OpinionPREMIUM

MARC HASENFUSS: A middle-aged thrashing

I reckon at this price an investor is pretty much getting AdvTech’s vibrant tertiary business for next to nothing

Picture: 123RF
Picture: 123RF

Plague diary — week eight: Education has always been a bad business for me. I remember that before I received my academic and first-team dark blue tie at school, I donned the basic dark blue-light blue striped version. While the striped tie carried no outward honour, the reverse side of the tie was where the real mark of school achievements was measured.

We would boldly mark a stroke in the light blue section of the tie each time we got "cuts" — which were dished out liberally at boys’ schools in the Eastern Cape back in the bad old days.

In standard eight (a particularly bad year for adolescent Hasenfuss) my tie, by the end of the third term, had no more space left for denoting bouts of corporal punishment.

I failed every hair inspection, puttered into school late on my baffle-less Honda Tornado, skipped homework and (horror of horrors) often neglected to watch the rugby first team matches.

While I never looted the tuckshop, I did get flogged most savagely for being in possession of a school hymnal where a friend’s older brother had scratched in a Star Wars theme (Onward Galactic Stormtroopers, and so forth).

I think I took a worse beating this week in private education stock AdvTech. I have always wanted to own AdvTech. I think it’s a great business, with brilliant academic brands and solid management.

But it behaved like a junior exploration stock over the past week, flying all over the place as — I assume — the market took cognisance of the lack of clarity from the education department about the reopening of schools.

Initially I was spooked out. But I reckon at this price — presuming schools resume some form of normal functioning by the third term — an investor is pretty much getting AdvTech’s vibrant tertiary business for next to nothing.

Admittedly if there is more uncertainty about education there will be even more pain for AdvTech. But I’m going to take the pain … if I must.

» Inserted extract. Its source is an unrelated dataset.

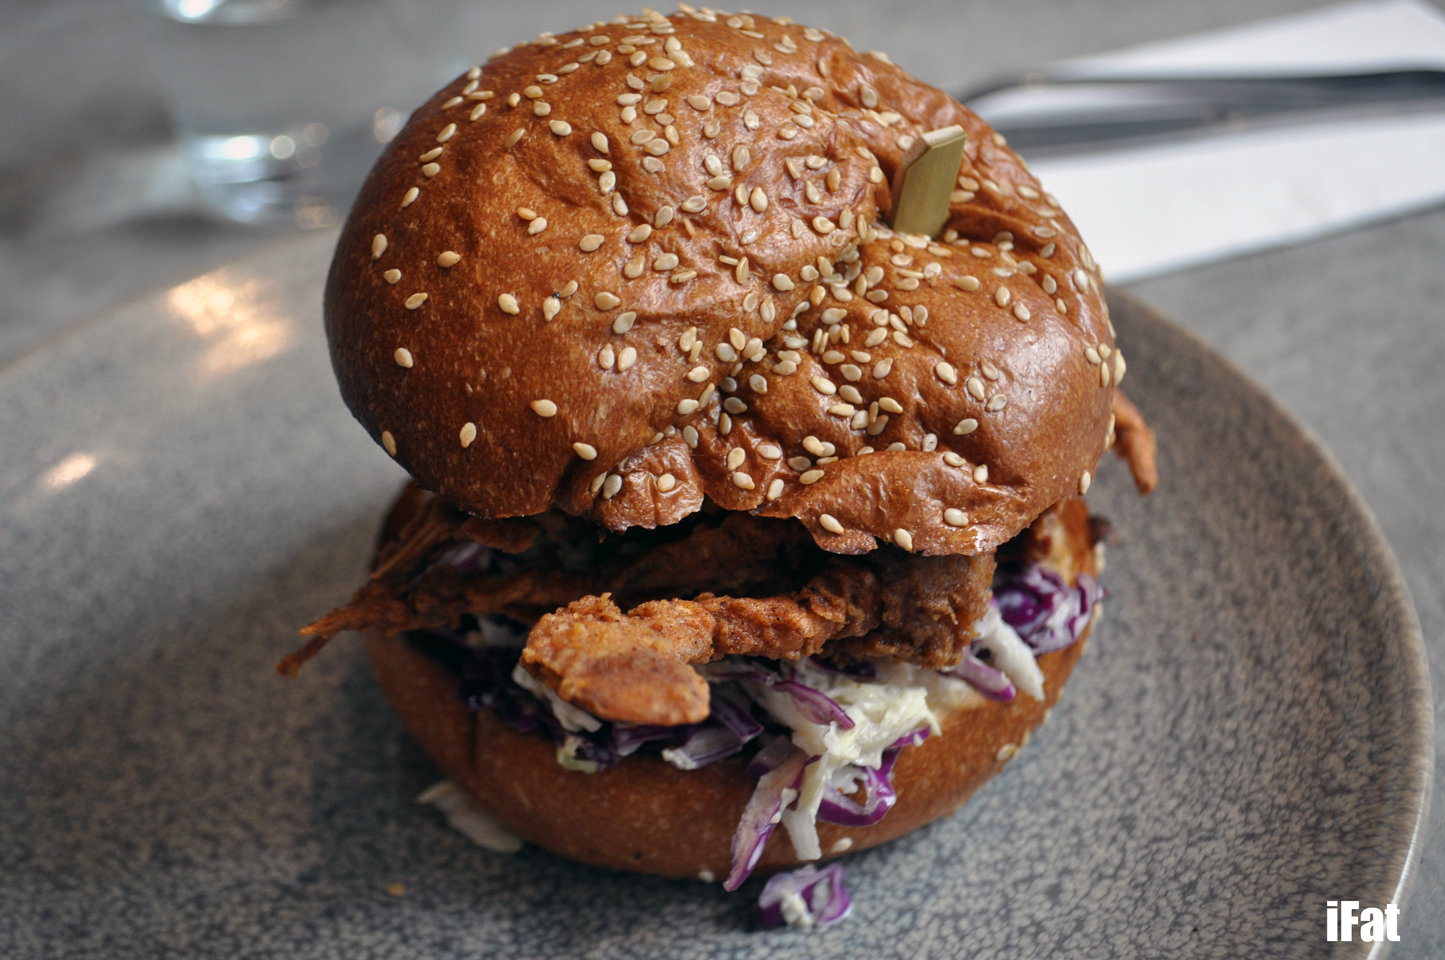 Soft shell crab po boy at Paramount Coffee Project, Surry Hills

What might well be worse than market pain is investor frustration. In this regard I am glad I took the recent dividend from Trencor and ran. Trencor was one of the JSE’s great "grey chips", and I even remember the late, great Mervyn Harris — a man whose daily market reports were prescribed reading in the days before the internet — telling me back in 1988 that it was the one share "you can buy blind".

Trencor, over the long term, has been a superb investment vehicle — ranking as one of the pioneering rand hedge stocks. It’s sad that this legacy risks being besmirched by a horrible impasse involving the remaining cash pile of about R1.7bn.

Earlier this month Trencor confirmed that its remaining 5.3% shareholding in container management group Textainer would be distributed to shareholders via a dividend in specie. The problem now lies in distributing the substantial dollar cash pile, which is subject to complicated indemnity arrangements, to shareholders.

Pessimists will pencil in a long wait, especially since the JSE has granted the cash shell an extended life until the end of 2024. Trencor now becomes a fascinating value play for those willing to gamble on the intricacies of the indemnities being unravelled sooner rather than later — and on the movement in the rand-dollar exchange rate. At 770c Trencor’s share price is dismissively discounting the cash holding. It would be tempting to consider a punt. Shareholders, of course, are not as lucky as the remaining Trencor directors. These executives will get a nifty R21m a year for managing the complexities of a cash shell. Not exactly an incentive to wind up matters quickly, is it?

What I did take considerable heart from last week was Richemont, after culling its dividend, advising that shareholders might be afforded a chance to buy shares at a preferential price.

That’s smart engagement in these difficult times.